Required work: Once the line with "Arribarán 60 nuevas" is found, repeat it and all later lines exactly through the end of the listing below, with the pictures left out.

Collected data:
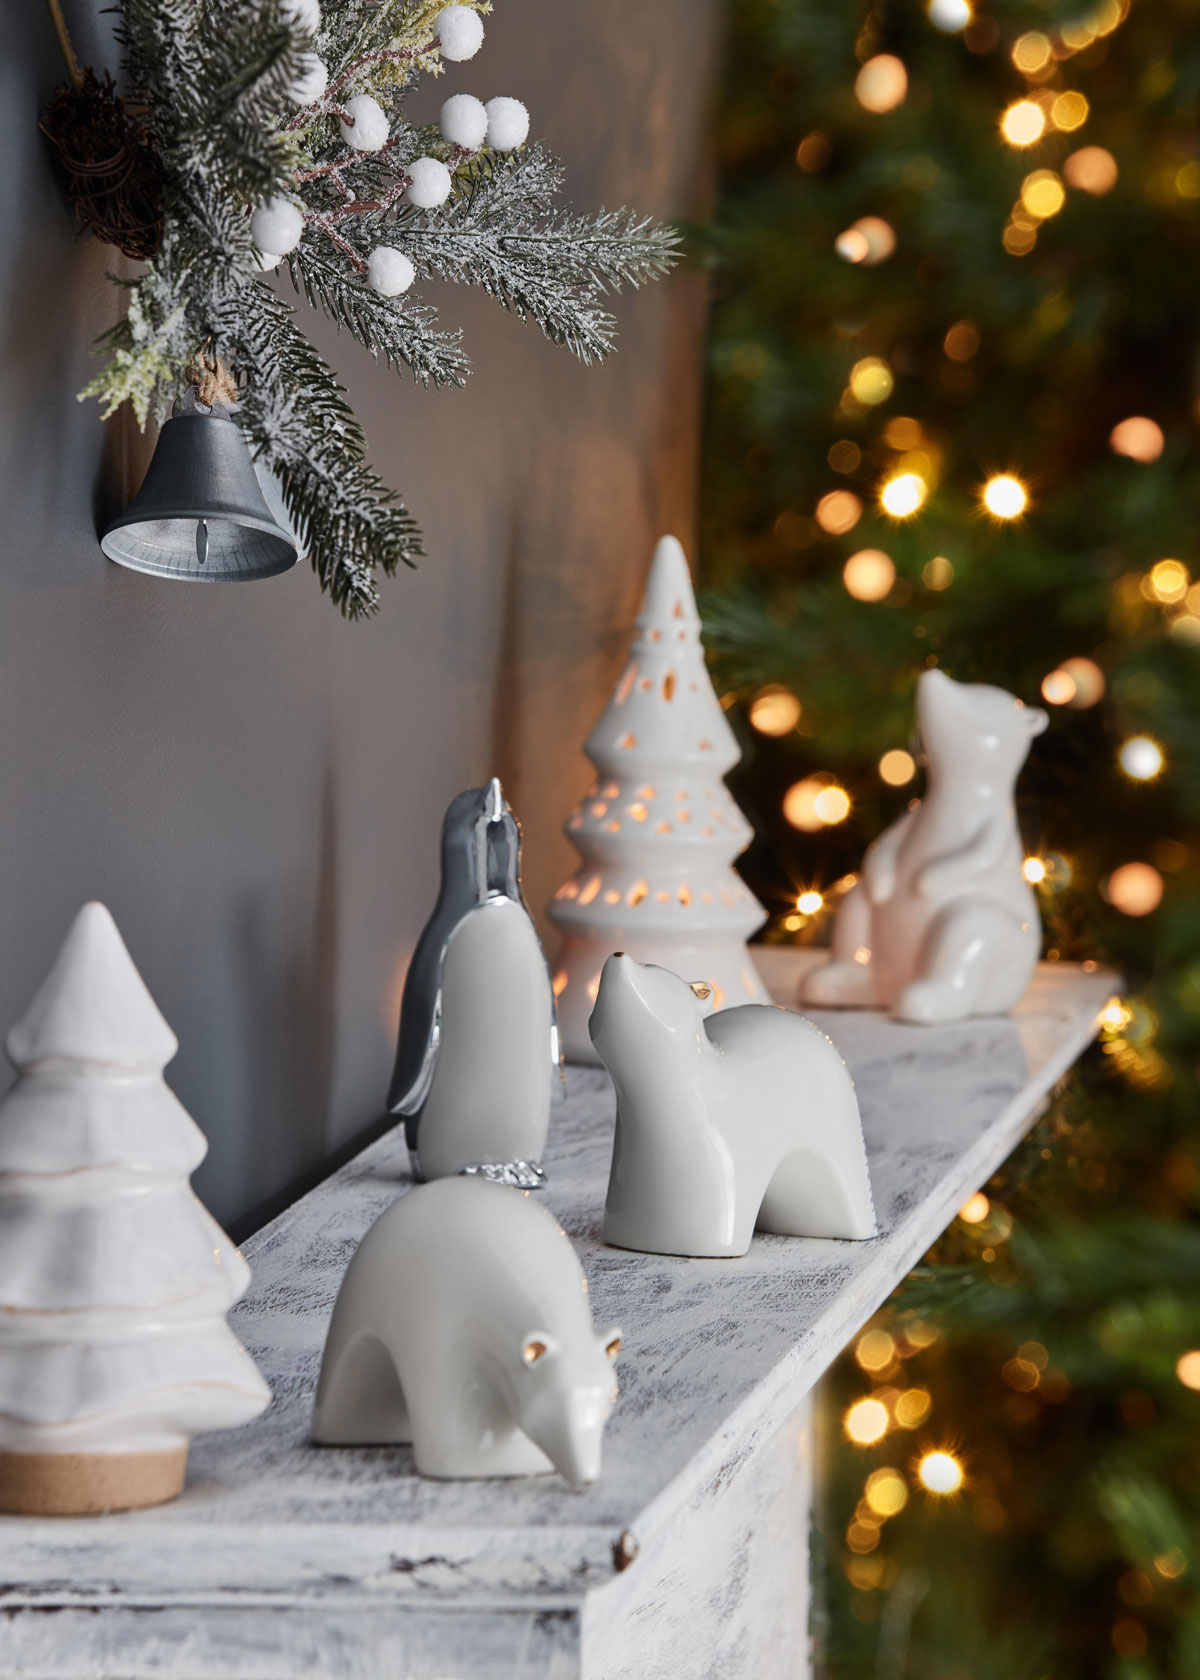 Polička so keramickými ozdobami stromčekov, ľadových medveďov a tučniaka
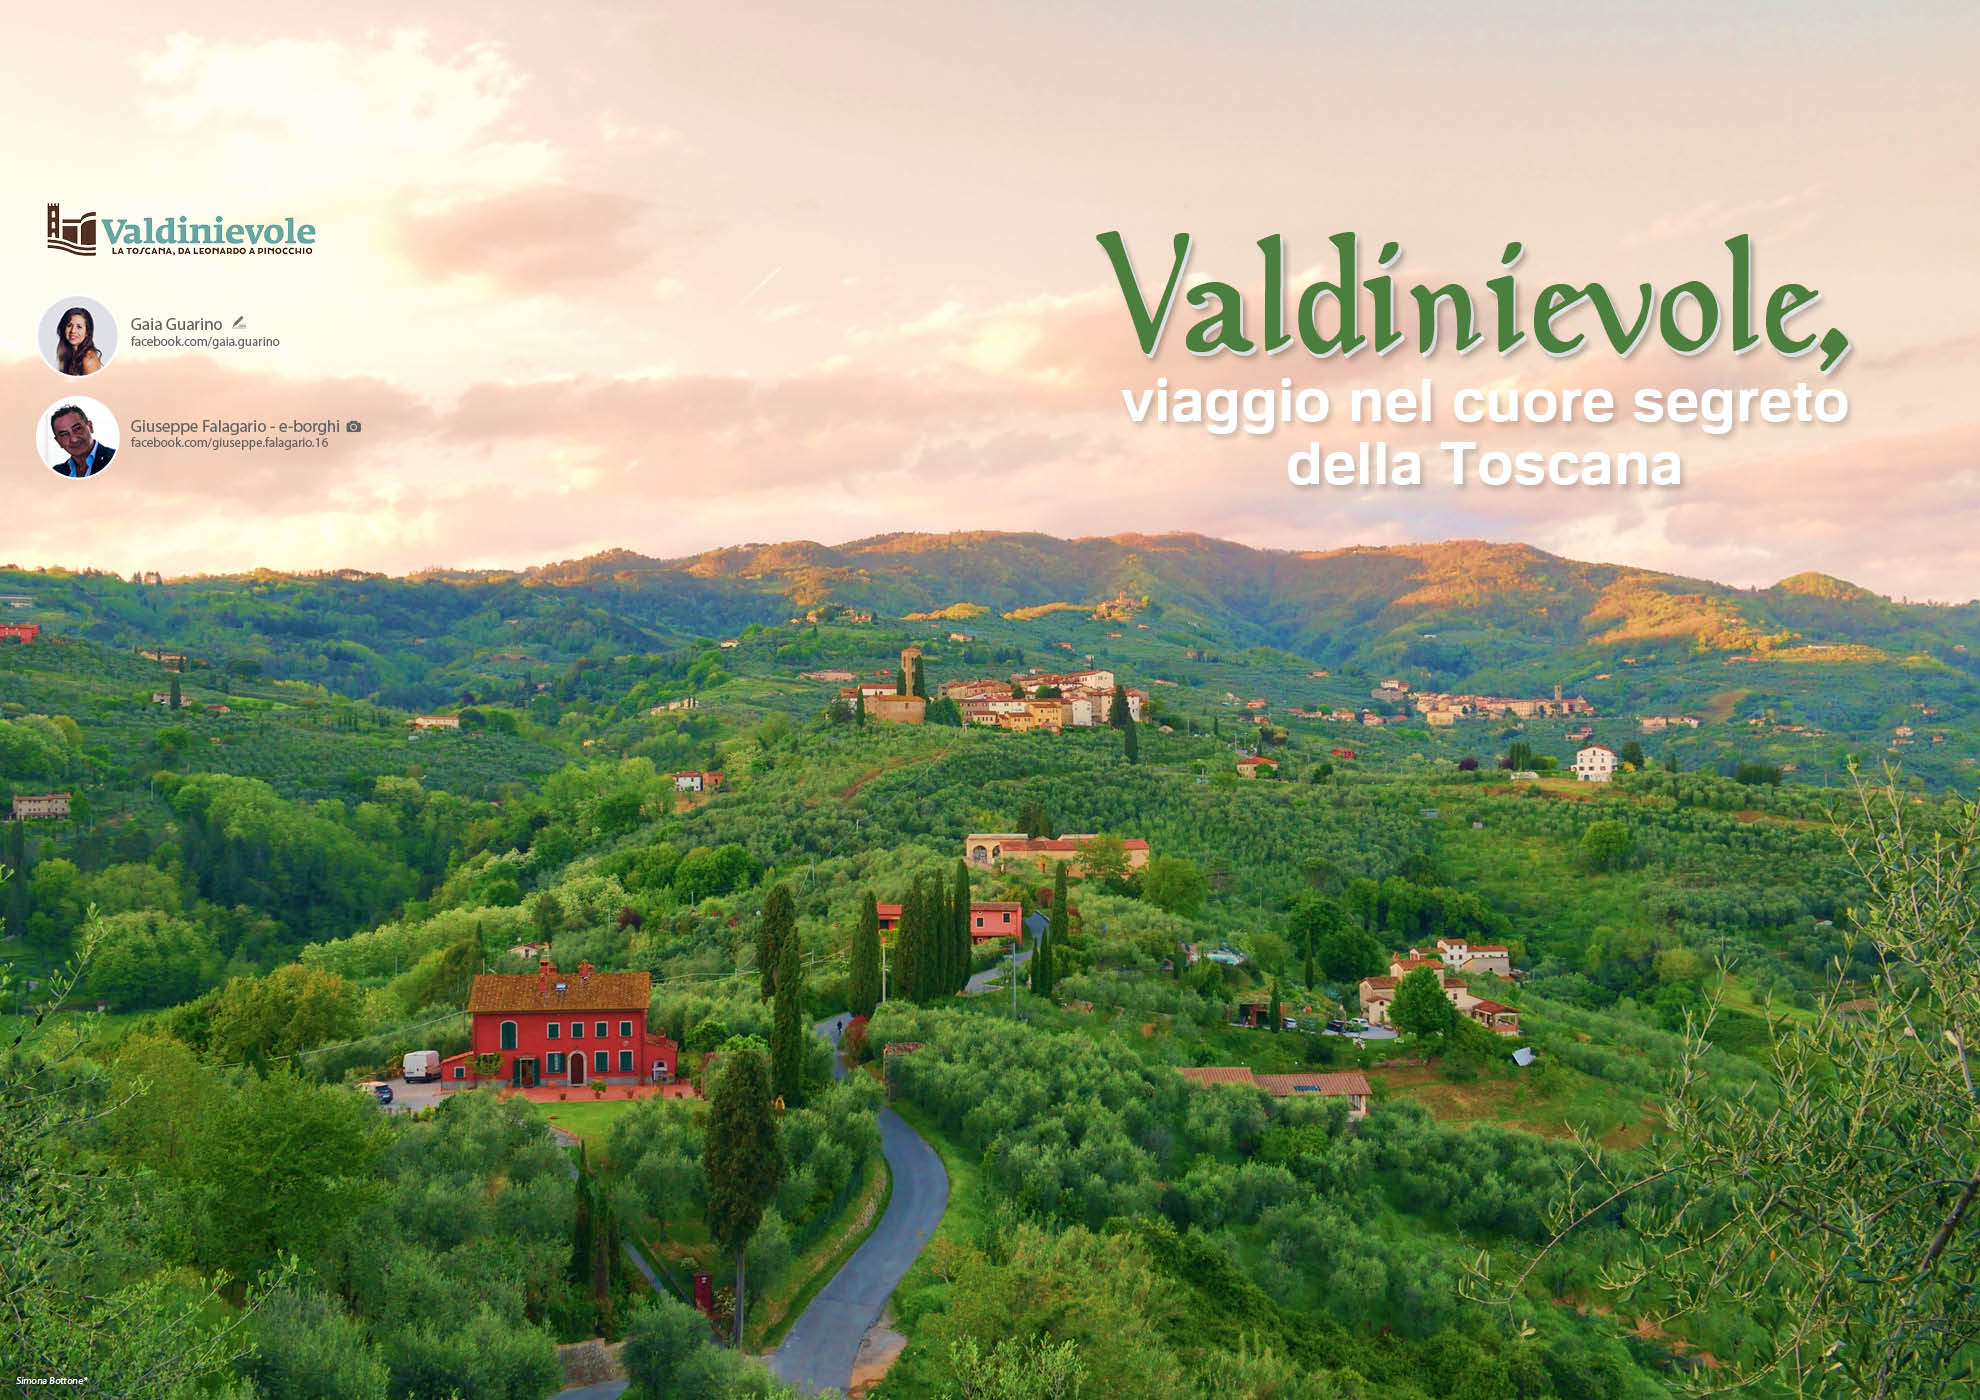 e-borghi travel 26: Speciale danze storiche e tradizionali - Valdinievole, viaggio nel cuore segreto della Toscana
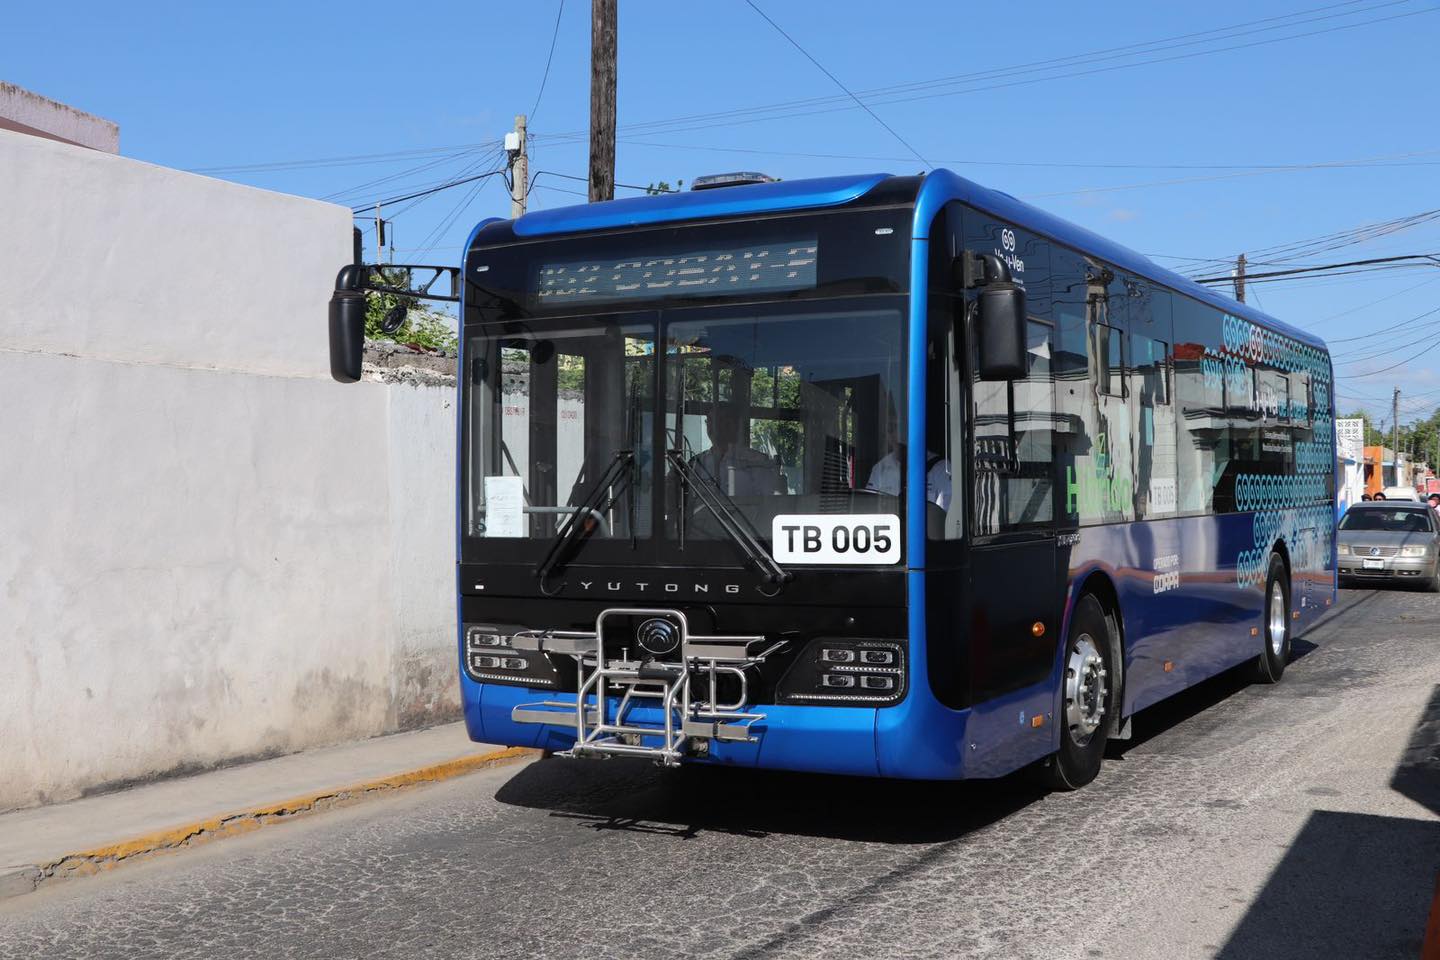 Arribarán 60 nuevas unidades eléctricas de transporte público en Yucatán
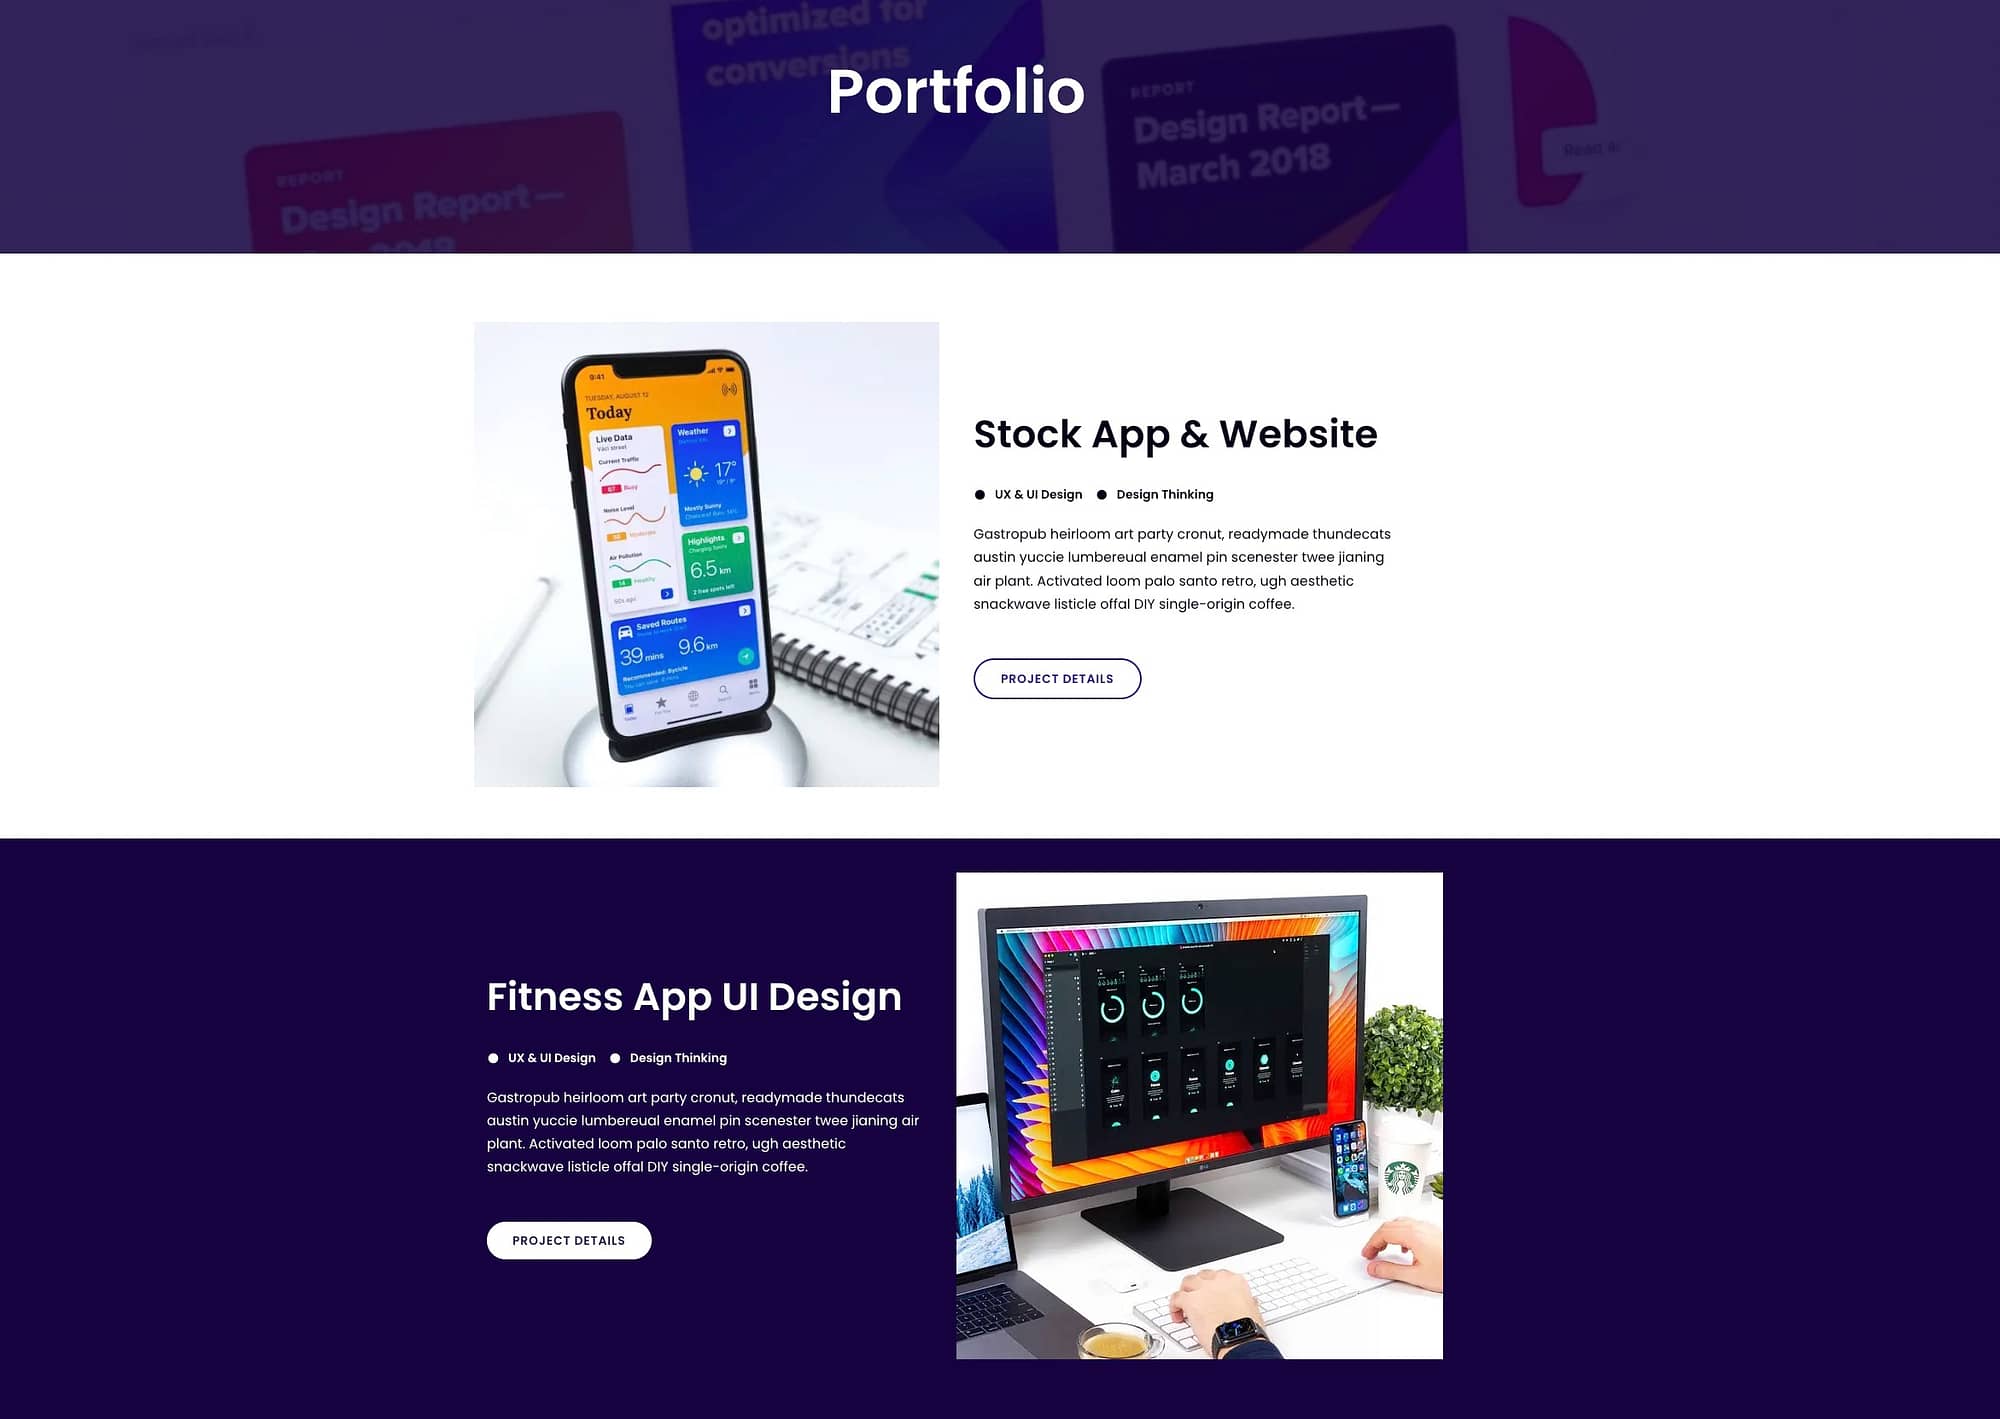 portfolio featuring development work

Output for this task:
 Arribarán 60 nuevas unidades eléctricas de transporte público en Yucatán
 portfolio featuring development work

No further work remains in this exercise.